## About this task
The following data needs to be repeated exactly, with all images excluded.

## Data block

▬▬▬▬▬▬

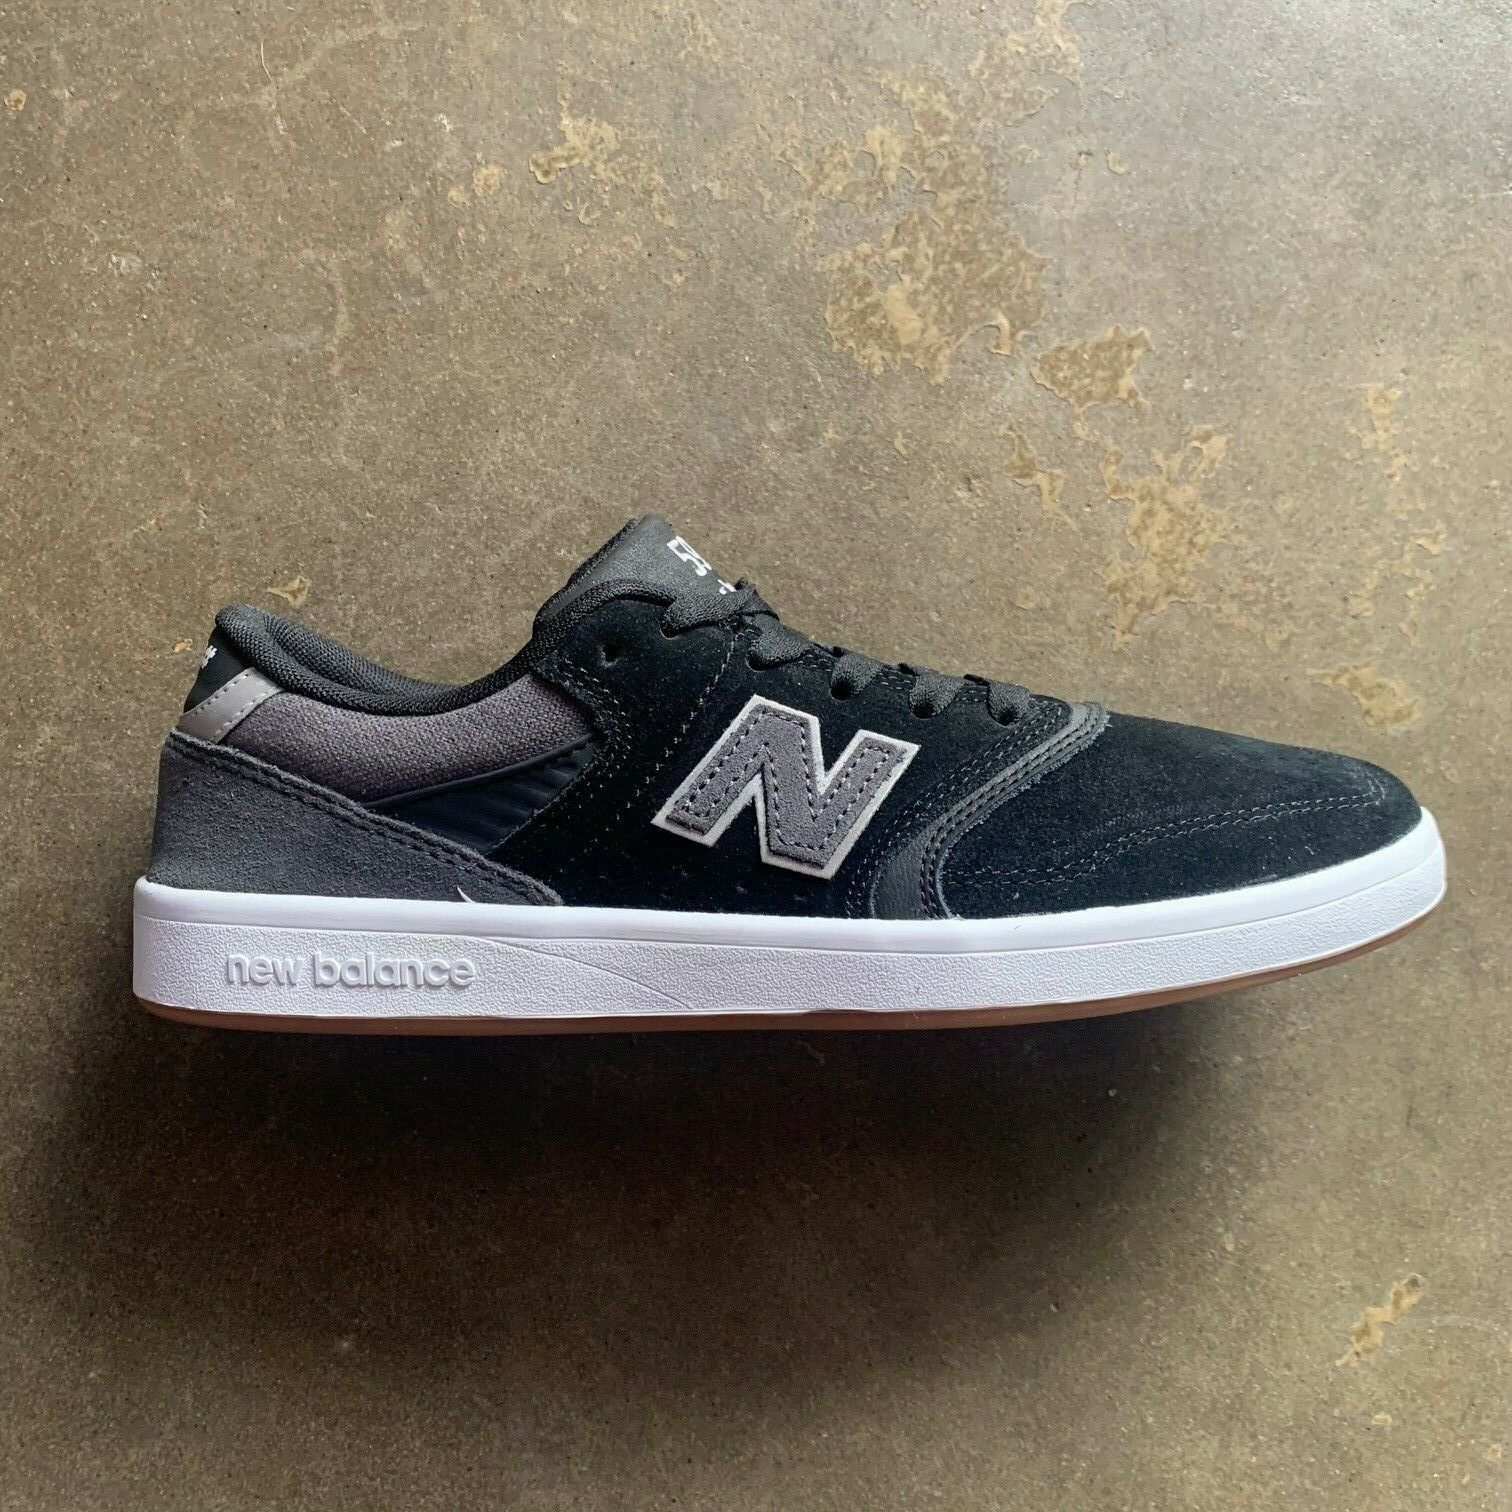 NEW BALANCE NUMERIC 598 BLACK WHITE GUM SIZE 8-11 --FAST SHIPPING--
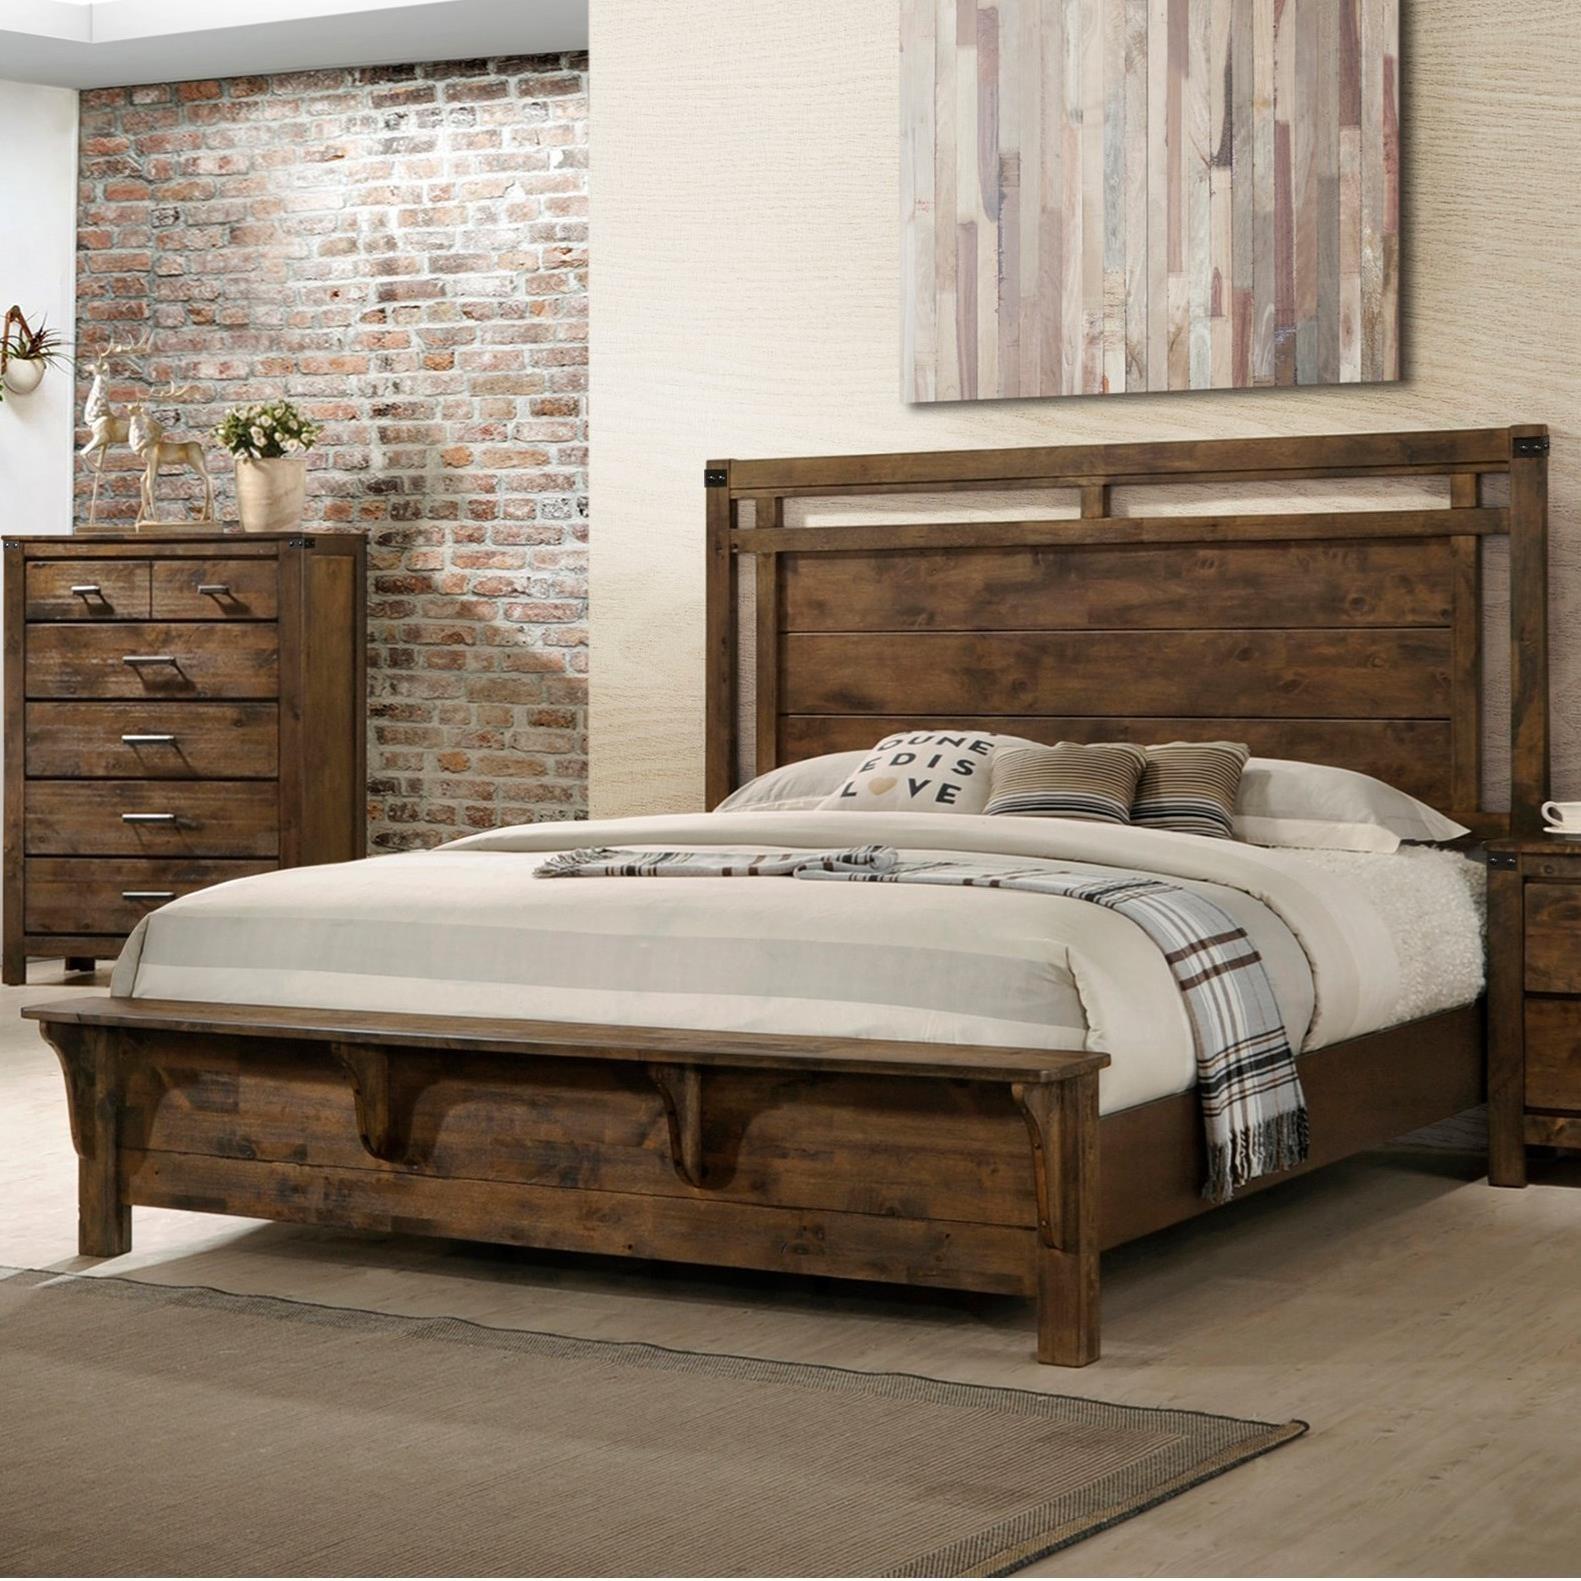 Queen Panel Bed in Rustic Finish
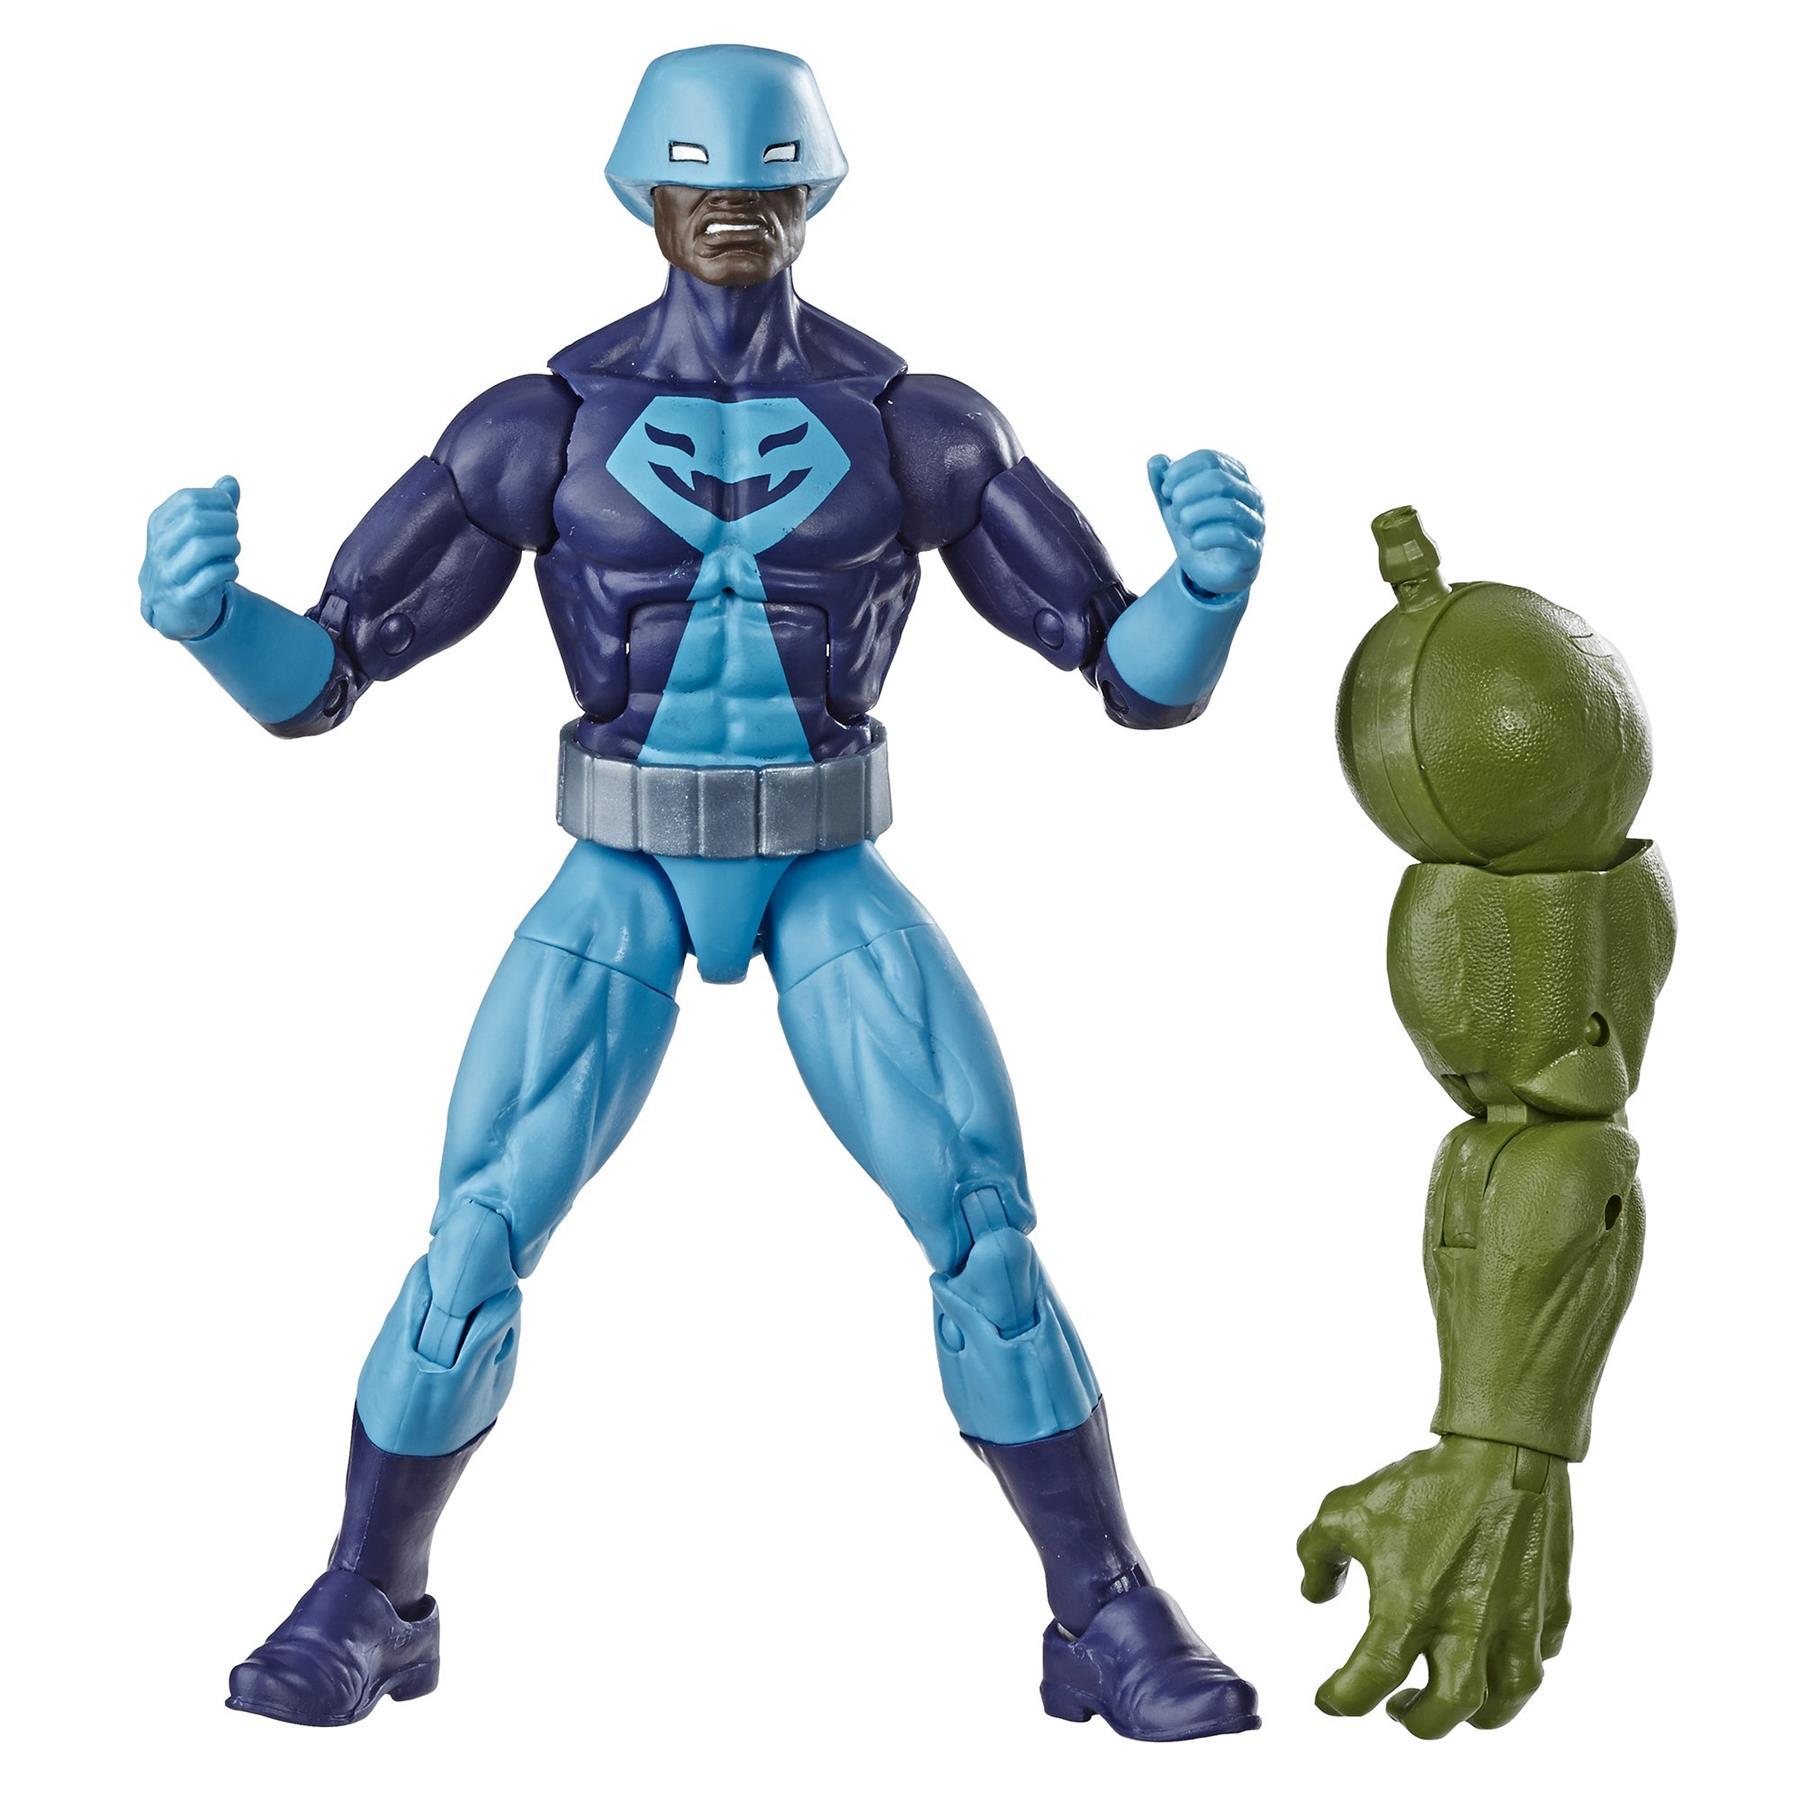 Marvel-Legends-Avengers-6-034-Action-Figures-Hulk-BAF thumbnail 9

▬▬▬▬▬▬

## Solution to this problem
 NEW BALANCE NUMERIC 598 BLACK WHITE GUM SIZE 8-11 --FAST SHIPPING--
 Queen Panel Bed in Rustic Finish
 Marvel-Legends-Avengers-6-034-Action-Figures-Hulk-BAF thumbnail 9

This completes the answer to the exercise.